Judge Configuration Rules

Rule	Rationale
Request reasoning alongside score	Enables debugging failed cases
Evaluate one criterion per call	Multi-criterion prompts produce inconsistent scores
Use stronger model than the one being evaluated	Judge must exceed the model's capability
Align judge with human labels before deploying	Misaligned judge produces misleading metrics
Randomize response position in comparative eval	Position bias: models favor first/last response

Judge Alignment Process

Before using LLM-as-judge in production:

1. Collect 100 labeled examples (human annotated)
2. Run judge on the same examples
3. Compute judge–human agreement (Cohen's kappa or accuracy)
4. Identify disagreement patterns (where does judge fail?)
5. Refine judge prompt to address disagreements
6. Repeat until agreement > 0.7 (substantial) or 0.8 (strong)

Target 80%+ agreement between judge and human labels before trusting the judge for regression testing.

RAG-Specific Evaluation

Evaluate RAG in two stages: retrieval quality and generation quality. A perfect generator cannot compensate for poor retrieval.

Retrieval Metrics

Metric	Definition	Compute Without Golden Labels?
Context Relevance	Fraction of retrieved chunks relevant to the query	Yes — LLM judge per chunk
Context Recall	Fraction of needed information that was retrieved	No — requires golden context
Context Precision	Fraction of retrieved chunks that were actually used in the answer	Partial

Generation Metrics

Metric	Definition	Compute Without Golden Labels?
Faithfulness	Answer uses only retrieved context (no hallucination)	Yes — LLM checks each claim
Answer Relevance	Answer addresses the actual question asked	Yes — LLM judge
Answer Correctness	Answer matches known-correct answer	No — requires golden answer

Minimal viable eval set: Start with faithfulness + answer relevance. Both use LLM-as-judge and require no pre-labeled data. Add answer correctness when building a curated golden set.
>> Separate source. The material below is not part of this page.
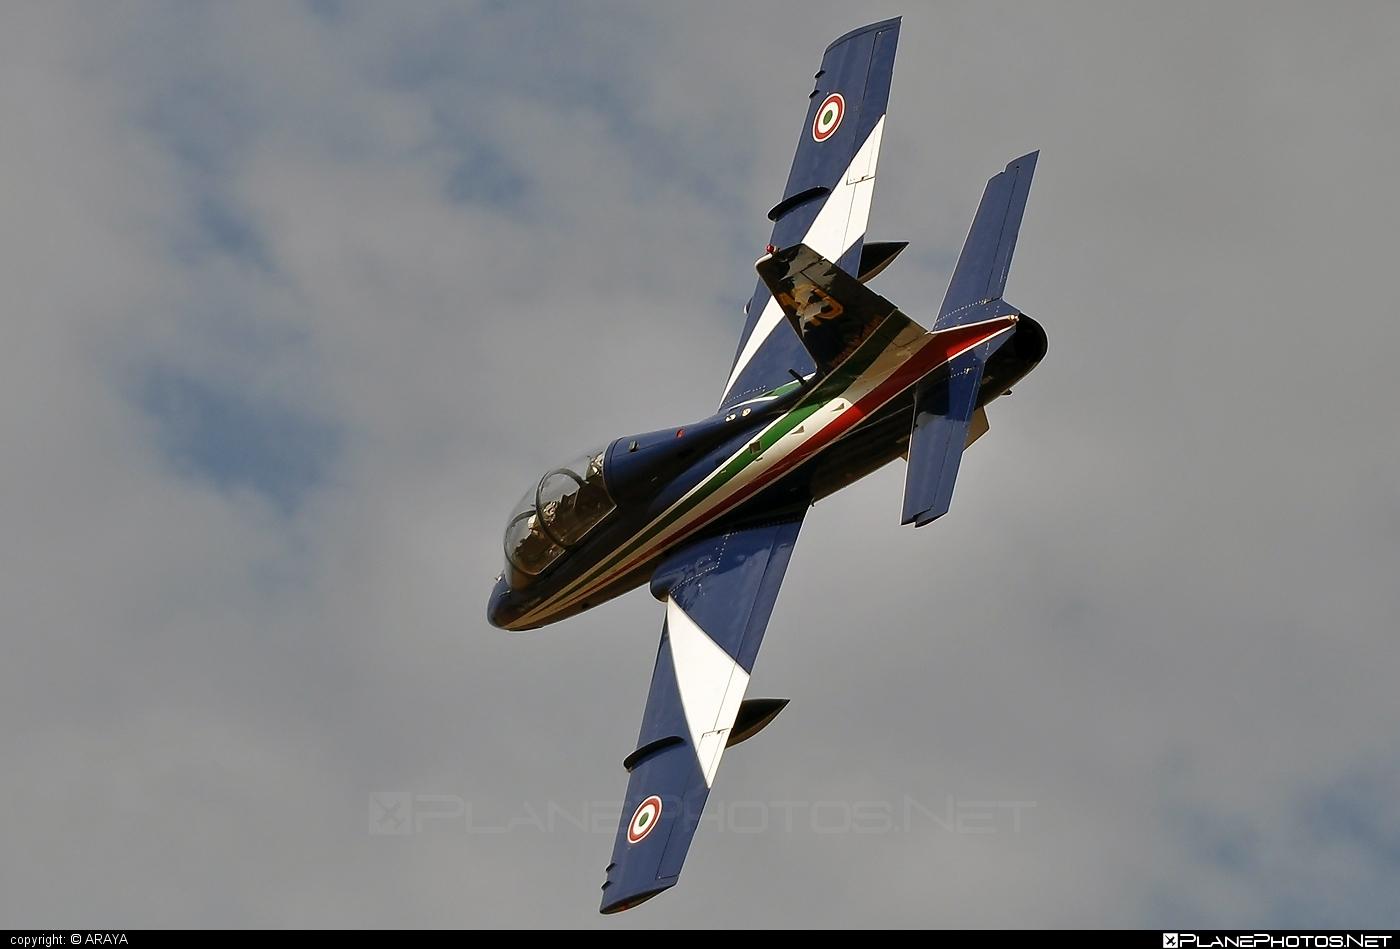 Aermacchi MB-339-A/PAN - MM54514 operated by Aeronautica Militare (Italian Air Force) #aermacchi #aermacchi339 #aermacchimb339 #aermacchimb339apan #mb339 #mb339apan

Faithfulness Check Pattern

for each claim in llm_response:
    prompt = "Is this claim supported by the provided context?
              Context: {retrieved_chunks}
              Claim: {claim}
              Answer: yes / no / partially"
    result = judge.evaluate(prompt)

faithfulness_score = count(yes) / total_claims

Golden Datasets

Construction

A golden dataset is a curated set of (input, expected_output) pairs used for regression testing.

Golden dataset structure:
{
    "id":           unique identifier,
    "input":        {user_query, context, conversation_history},
    "expected":     {answer, key_points, must_include, must_exclude},
    "difficulty":   "easy" | "medium" | "hard",
    "category":     "factual" | "reasoning" | "multi-hop" | "refusal",
    "source":       "user_feedback" | "expert_annotation" | "adversarial"
}

Dataset Sources (Priority Order)

Source	Quality	Volume	Process
Failed production cases	High	Low	Review user complaints → curate
Expert annotation	Highest	Low	Expensive; use for calibration
User feedback (thumbs down)	High	Medium	Convert ratings → labeled cases
AI-generated + human reviewed	Medium	High	Generate diverse, review all
Adversarial (red team)	High	Low	Test boundary/refusal behavior

Target Dataset Size

Purpose	Minimum	Target
Initial quality baseline	50	200
Regression testing	100	500
Fine-tuning evaluation	500	2000+

Prioritize quality over quantity. Fifty well-labeled examples beat 500 poorly labeled ones.

Production Monitoring

Monitoring catches regressions that evaluation misses. Evaluation runs before deployment; monitoring runs after.

What to Monitor

Signal	Metric	Alert Threshold
Response quality	Average judge score	Drop > 5% from baseline
Latency	P50, P95, P99 per pipeline stage	P99 > 2× P50
Error rate	Failed requests / total	> 1%
Cost	Tokens per request, $ per request	> 20% increase
Cache hit rate	Hits / total	Drop > 10%
Retrieval quality	Context relevance score	Drop > 10%

Trace Structure

Log one trace per request. Each trace spans the full pipeline.

Trace:
    trace_id:        UUID
    user_id:         anonymized
    timestamp:       ISO 8601
    total_latency_ms: end-to-end time

    Spans:
        - name: "retrieval"
          latency_ms: 80
          retrieved_chunks: 5
          context_relevance: 0.82
        - name: "generation"
          latency_ms: 1200
          model: "claude-3-5-sonnet"
          input_tokens: 2400
          output_tokens: 350
          cost_usd: 0.0094
        - name: "judge_evaluation"
          latency_ms: 450
          faithfulness: 0.95
          answer_relevance: 0.88

Store traces in a searchable backend (LangSmith, Langfuse, Honeycomb, or custom). Sample 100% in development; 10–20% in high-volume production.

User Feedback Loops

Structured user feedback is the highest-quality signal. Convert every negative signal into an evaluation case.

Feedback Signal Types

Signal	Quality	Collection Method
Thumbs down / explicit reject	High	Explicit UI action
Edited response	High	Detect post-generation edits
Retry / regenerate	Medium	Detected from session behavior
Session abandonment	Low	Inferred from session end
Explicit rating (1–5)	Highest	Rare; adds UI friction

Feedback → Test Case Pipeline

User submits thumbs down
    → Log: {session_id, message_id, user_id, timestamp}
    → Async job: retrieve trace for message_id
    → Queue for human review
    → Human labels: {is_failure: bool, failure_category, correct_response}
    → If is_failure: add to golden_dataset

Even 10 labeled failures per week compound quickly. 50 weeks = 500 test cases without a formal annotation project.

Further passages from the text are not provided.